However, for the Cuban economist Pedro Monreal, what is most revealing is not just the figures—whose credibility is plausible but impossible to independently verify—but the normalization of a more serious fact: Cuban citizens are excluded from access to crucial information about the military conglomerate that controls a significant part of the country's economy.
In a recent article published on his Substack, Monreal recalled that, despite the legitimate interest in quantitative analysis, discussions about GAESA's numbers inevitably venture into the realm of conjecture.
"It doesn't matter how acceptable the contrasting data may be, the analysis remains tainted by the speculative nature of the 'GAESA figures'," he explained. The economist compared the attitude of the Cuban government to that of "a carnival magician: nothing over here, nothing over there...", noting that the official response has been, by omission, a resounding silence.
An institutionalized opacity
Even without complete data, there are proven qualitative elements about GAESA that sketch a troubling profile.
Monreal listed several: it involves a military conglomerate of anonymous societies that operate in civilian commercial activities; it controls strategic sectors such as tourism, retail, and telecommunications; and it manages significant amounts of foreign currency due to its monopolistic position.
The most serious aspect, from a political standpoint, is that it does not provide public accountability nor is it subject to oversight by the General Comptroller's Office of the Republic, an institutional safeguard that allows it to withhold information and resources without citizen control.
For Monreal, GAESA is the spearhead of dollarization in Cuba. With its dominance in foreign currency trade and services such as communications, alongside “abusive monopolistic prices,” it acts as an unyielding extractor of foreign currency from Cuban families.
In practice, it channels dollars from the pockets of citizens into an opaque business network that does not clarify the use of those funds.
Four urgent debates
Beyond the figures, the economist proposed focusing the debate on four key issues:
1. The unnecessary nature of a military conglomerate monopolizing the civilian economy. From a development perspective, there is no justification for a military structure to concentrate strategic and profitable sectors.
2. The fate of the national income freed by wage compression. Monreal asked where the portion of GDP that was previously allocated to compensating workers has gone, and which is now available due to the decline of wages as a proportion of the product.

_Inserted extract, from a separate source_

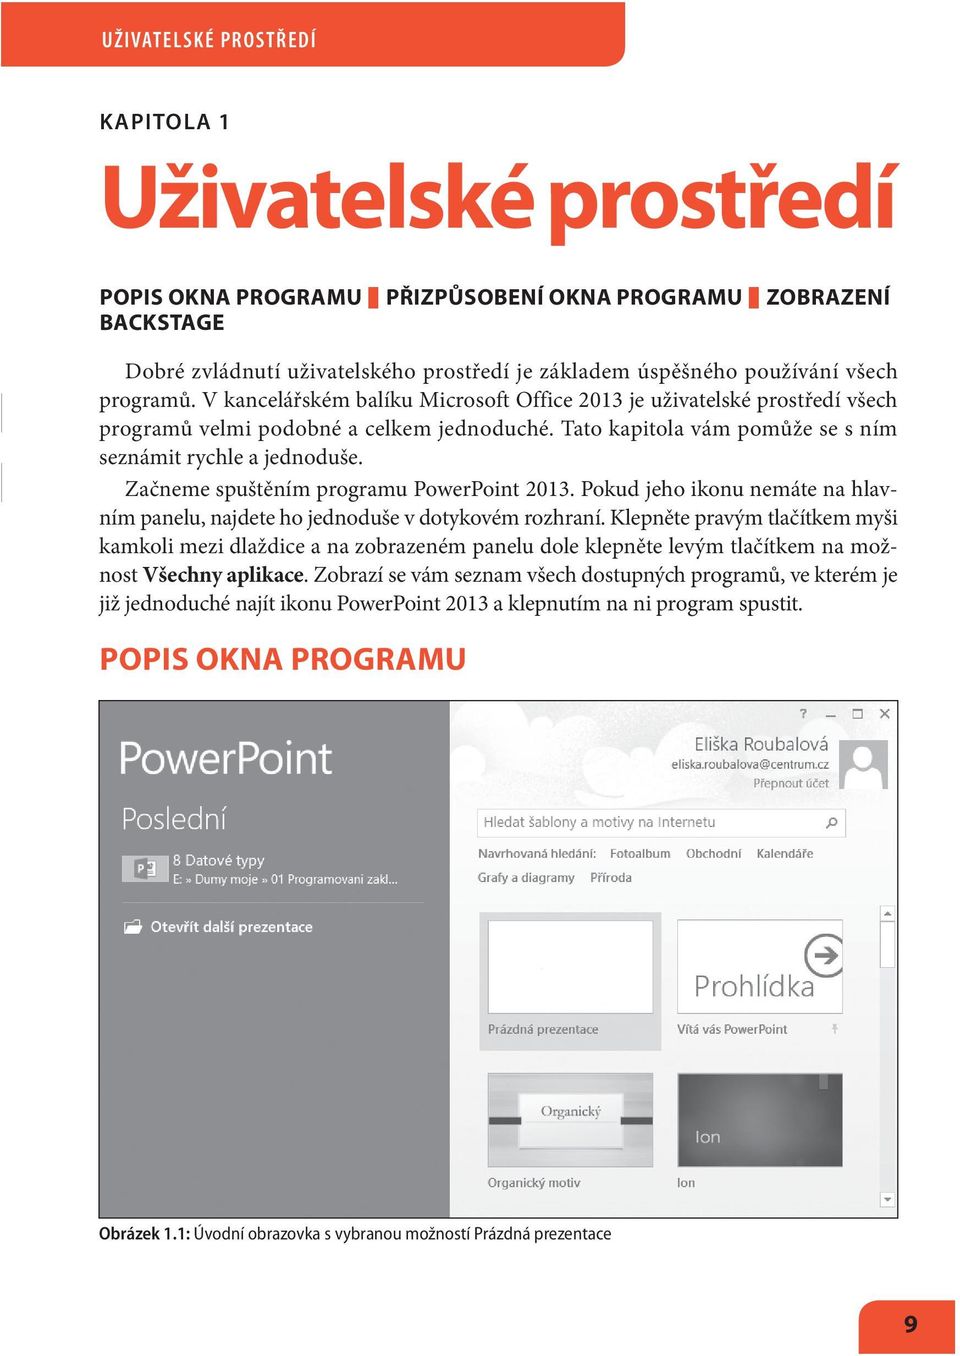 Začneme spuštěním programu PowerPoint 2013. Pokud jeho ikonu nemáte na hlavním panelu, najdete ho jednoduše v dotykovém rozhraní.
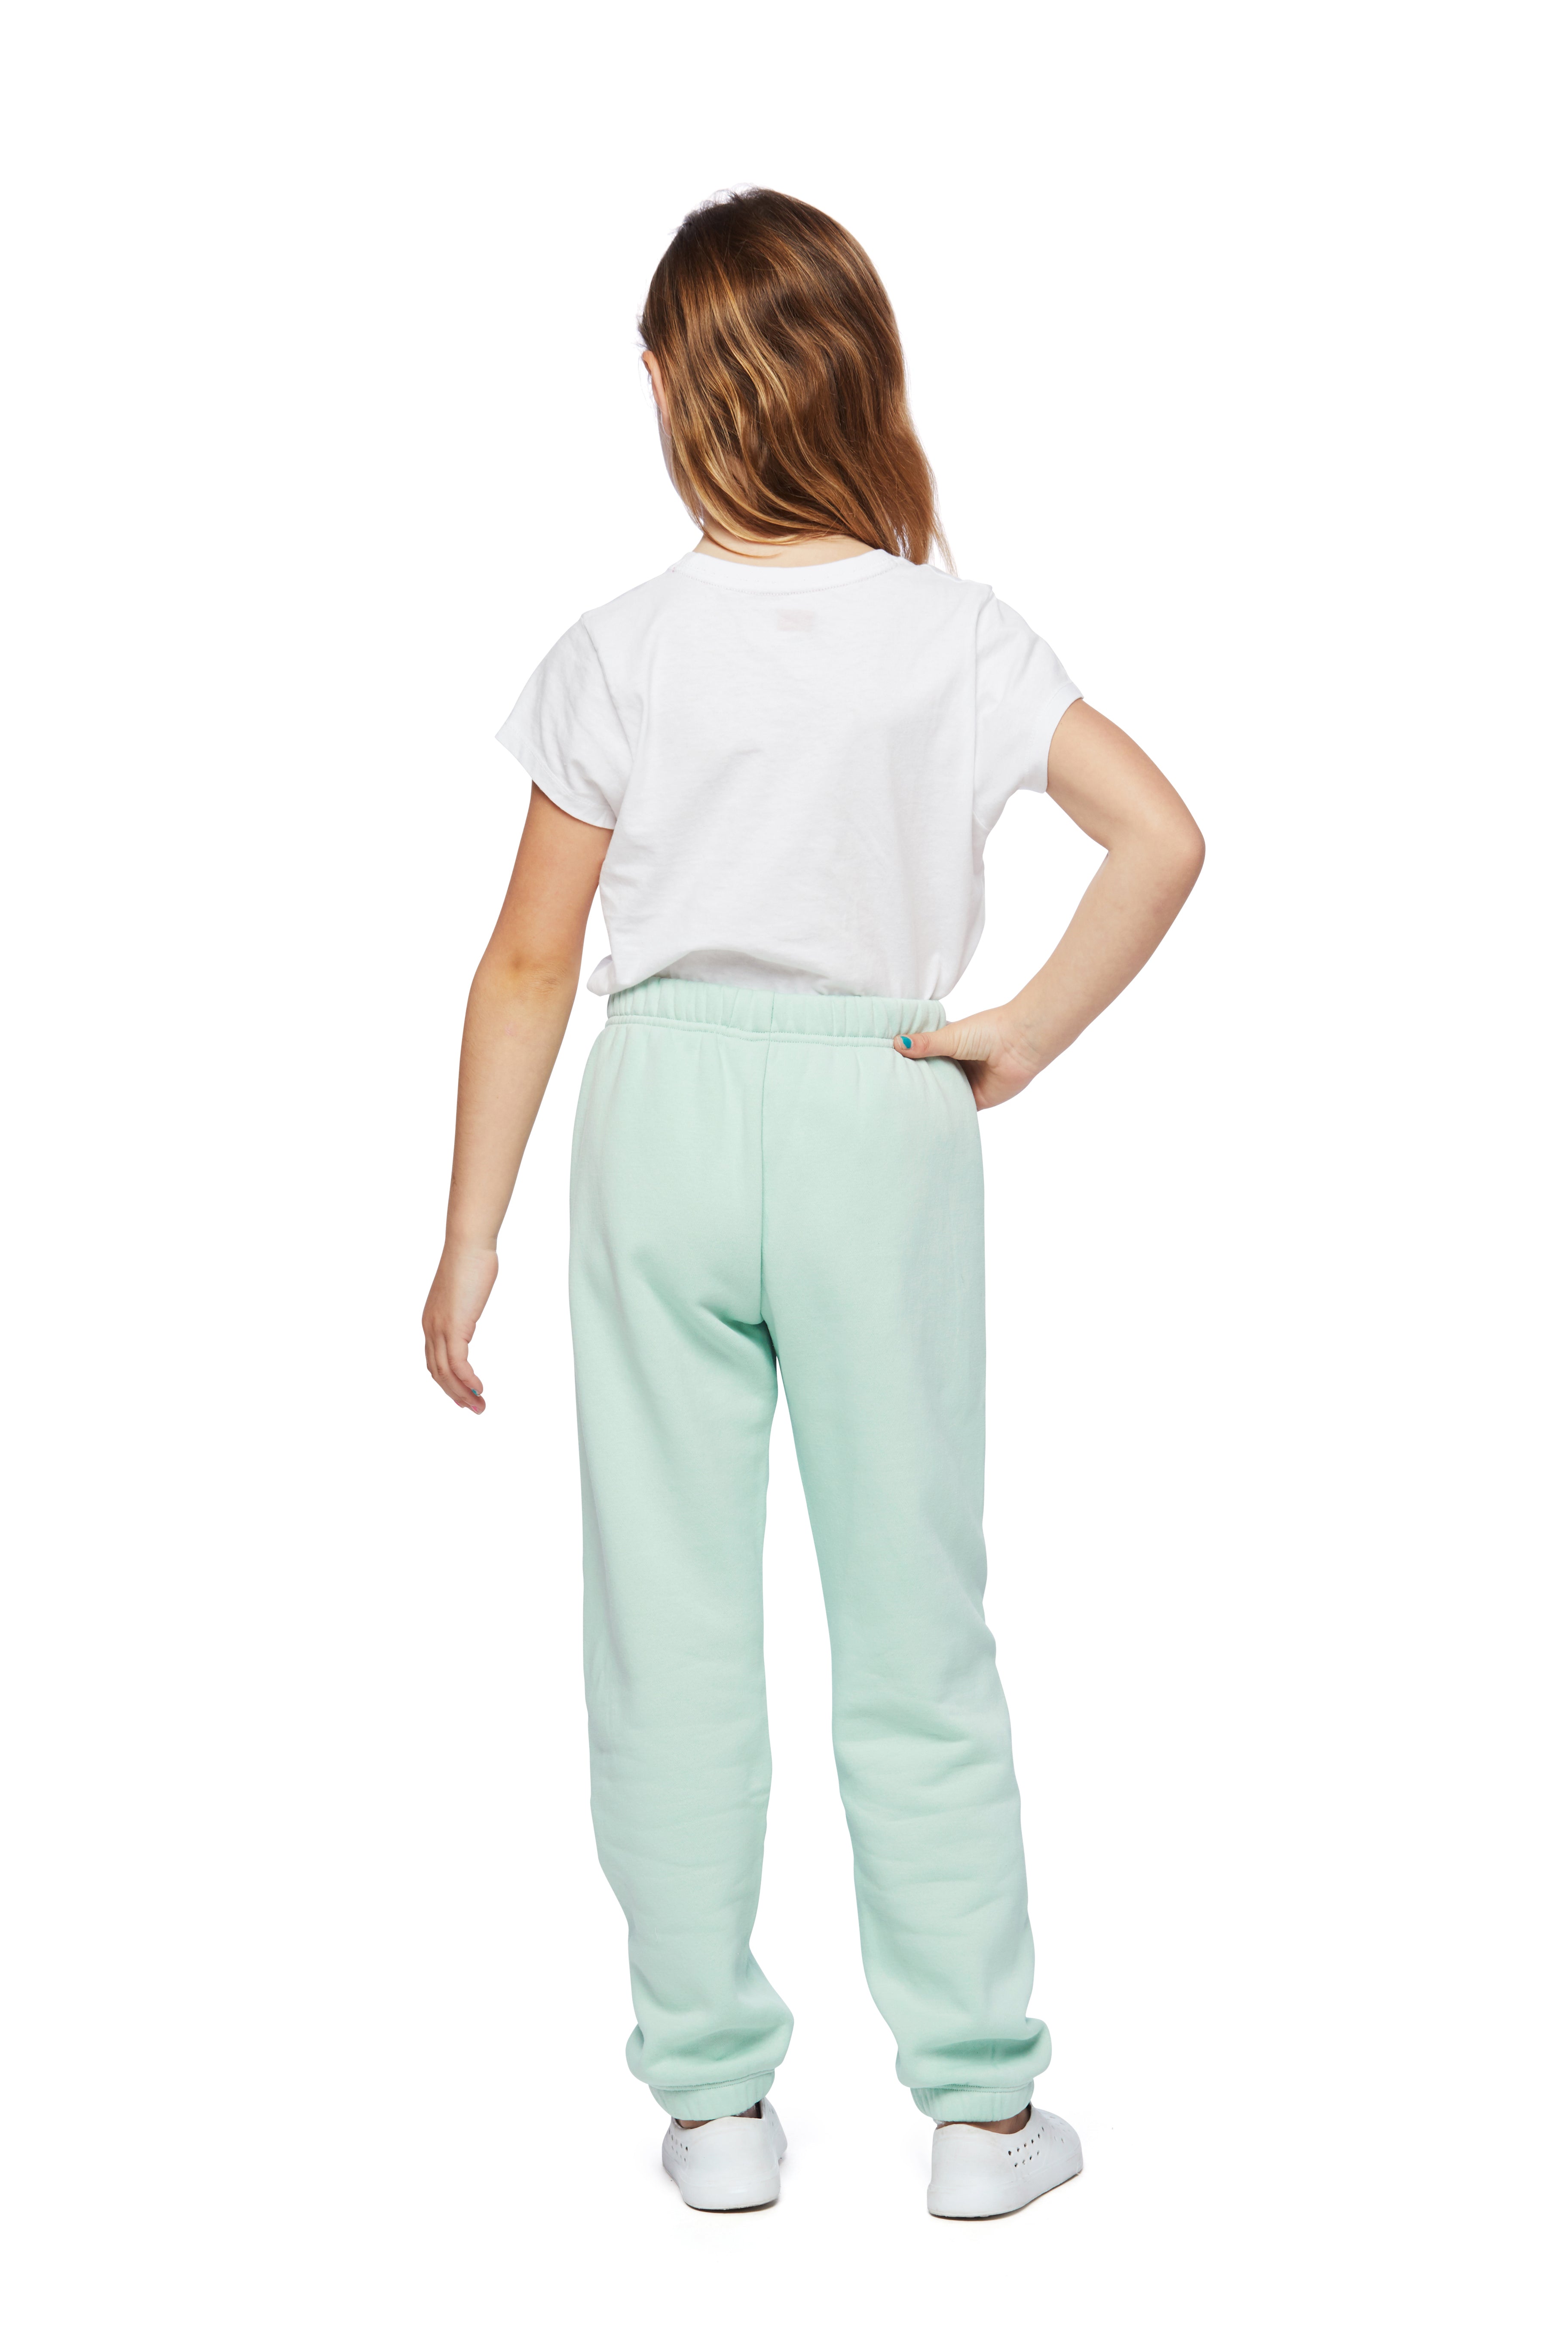 Niki Original pantalon de survêtement pour enfants à la menthe

3. Reduce opacity and demand accountability. GAESA should be subject to independent audits and mechanisms for citizen oversight that currently do not exist.
4. Partially dollarize the national budget. While he believes that dollarization is a mistake, Monreal acknowledged that it is a reality and proposed that the currencies collected by corporations like GAESA be transparently included in the state budget, so that they directly benefit the population.
A model that concentrates power and weakens rights
The background of this debate goes beyond the economy: it involves the relationship between power, transparency, and citizens' rights in Cuba.
The combination of military monopoly, opaque legal structure, and lack of oversight makes GAESA the most powerful economic entity in the country, surpassing its civilian institutions and without effective checks and balances.
The question that lingers, and which Monreal announced he will address in a future statement, is whether the well-being of Cuban citizens requires — or can afford — the leadership of a military conglomerate whose shareholders remain anonymous and whose operations are untouchable.
In a context where economic information is treated as state secret and authorities refuse to explain the fate of billions in foreign currencies, GAESA's opacity is not just an accounting issue: it reflects a model that extracts resources from the population without accountability, while the country sinks into a humanitarian crisis.